— AIM OF THE EXERCISE —
What is needed is a verbatim copy of the data, minus the pictures.

— DATA —
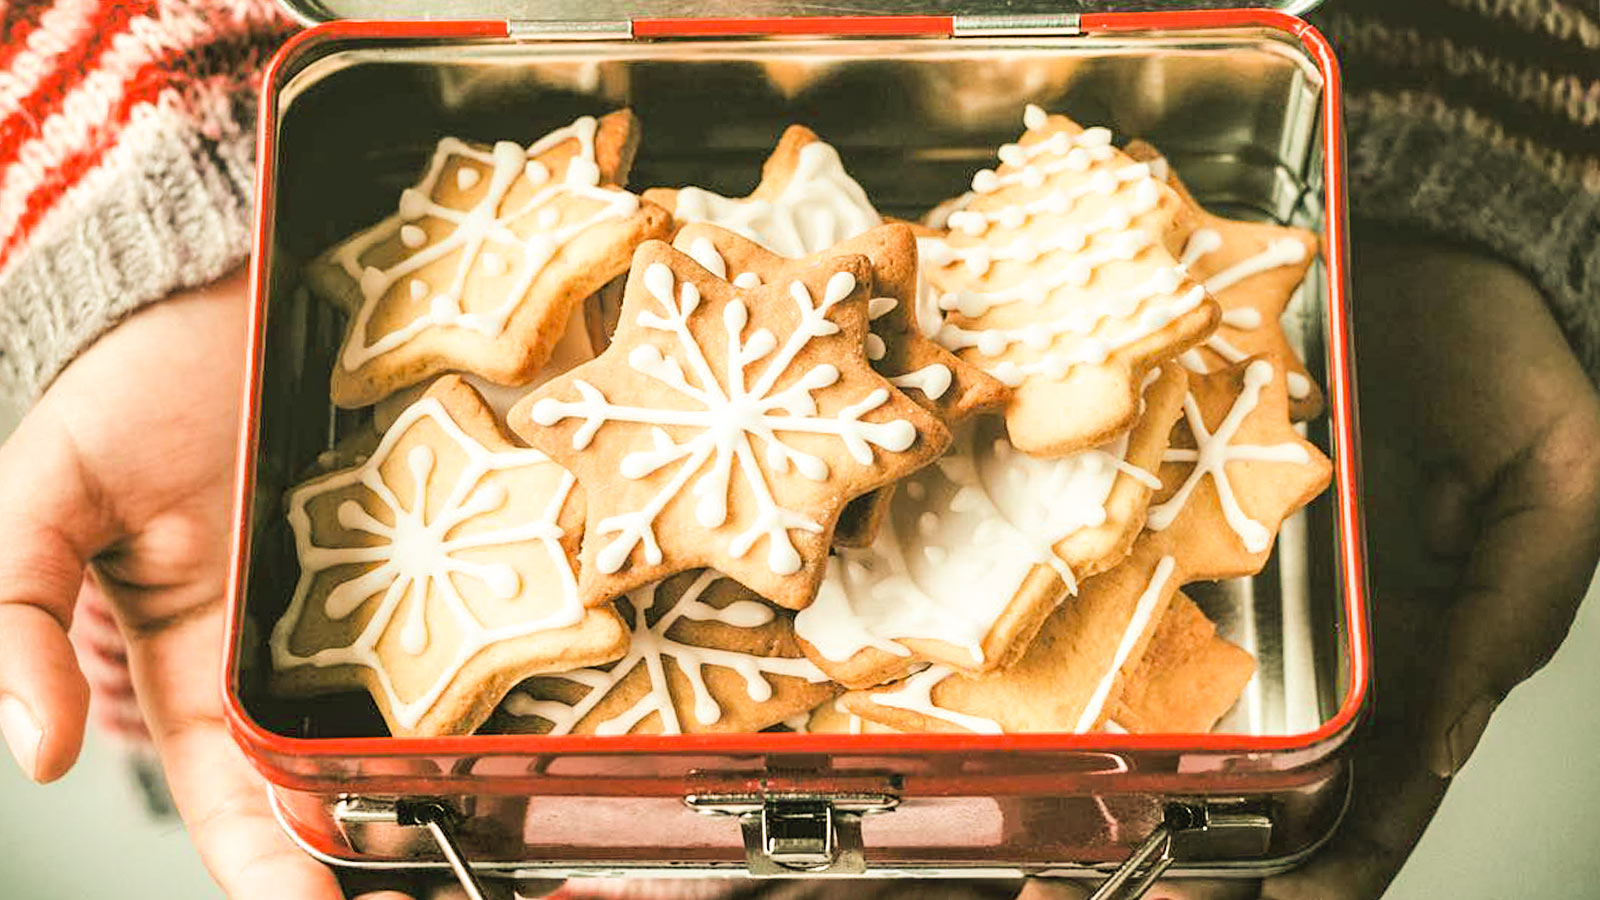 Ricette Natale.Biscotti Di Natale Con Glassa Al Limone Gnamit Il Portale Delle Ricette
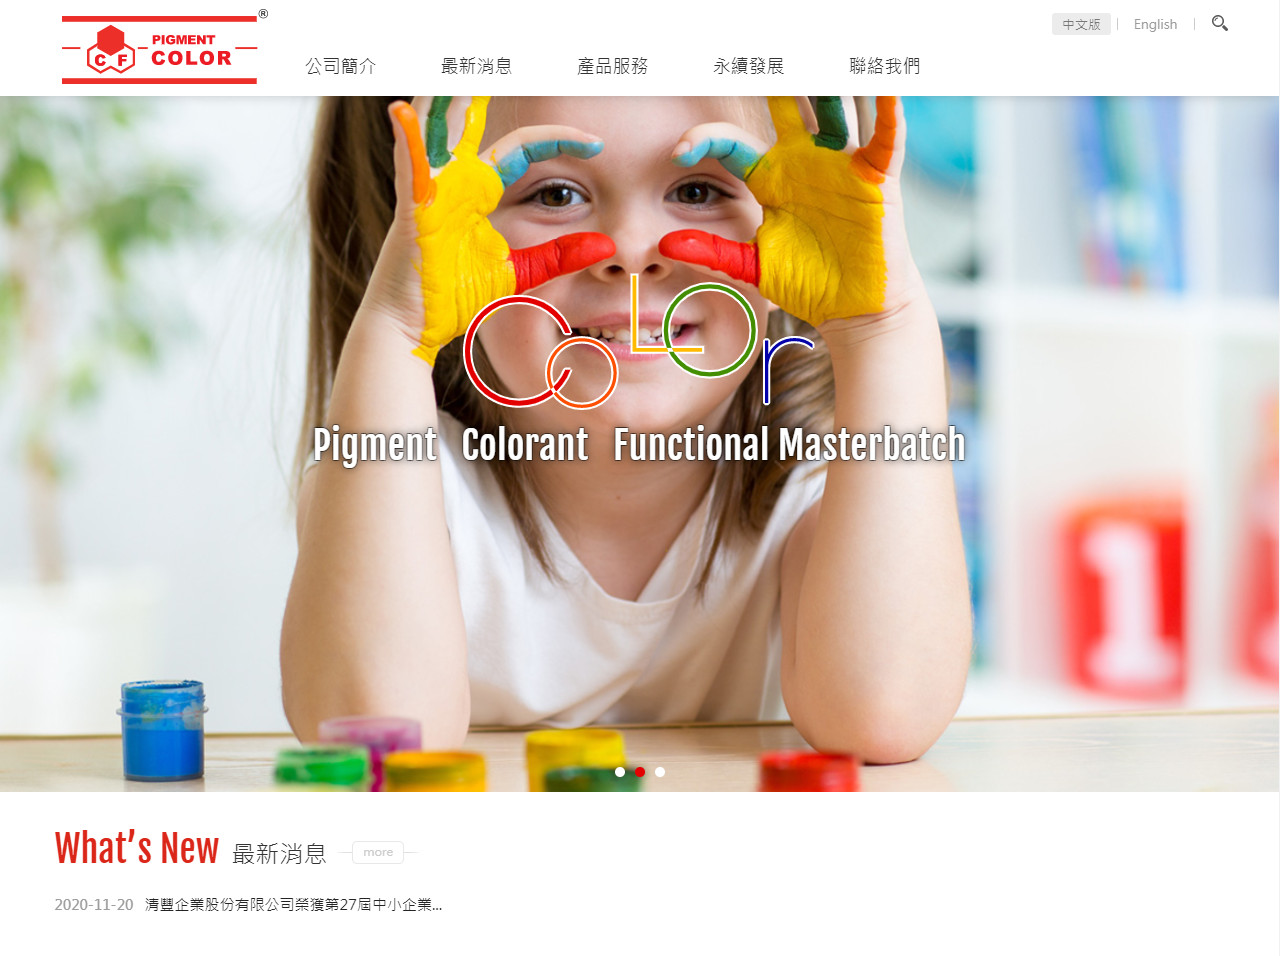 清豐集團 響應式RWD公司網站設計
網站設計

— RESPONSE TO THIS EXERCISE —
 Ricette Natale.Biscotti Di Natale Con Glassa Al Limone Gnamit Il Portale Delle Ricette
 清豐集團 響應式RWD公司網站設計
網站設計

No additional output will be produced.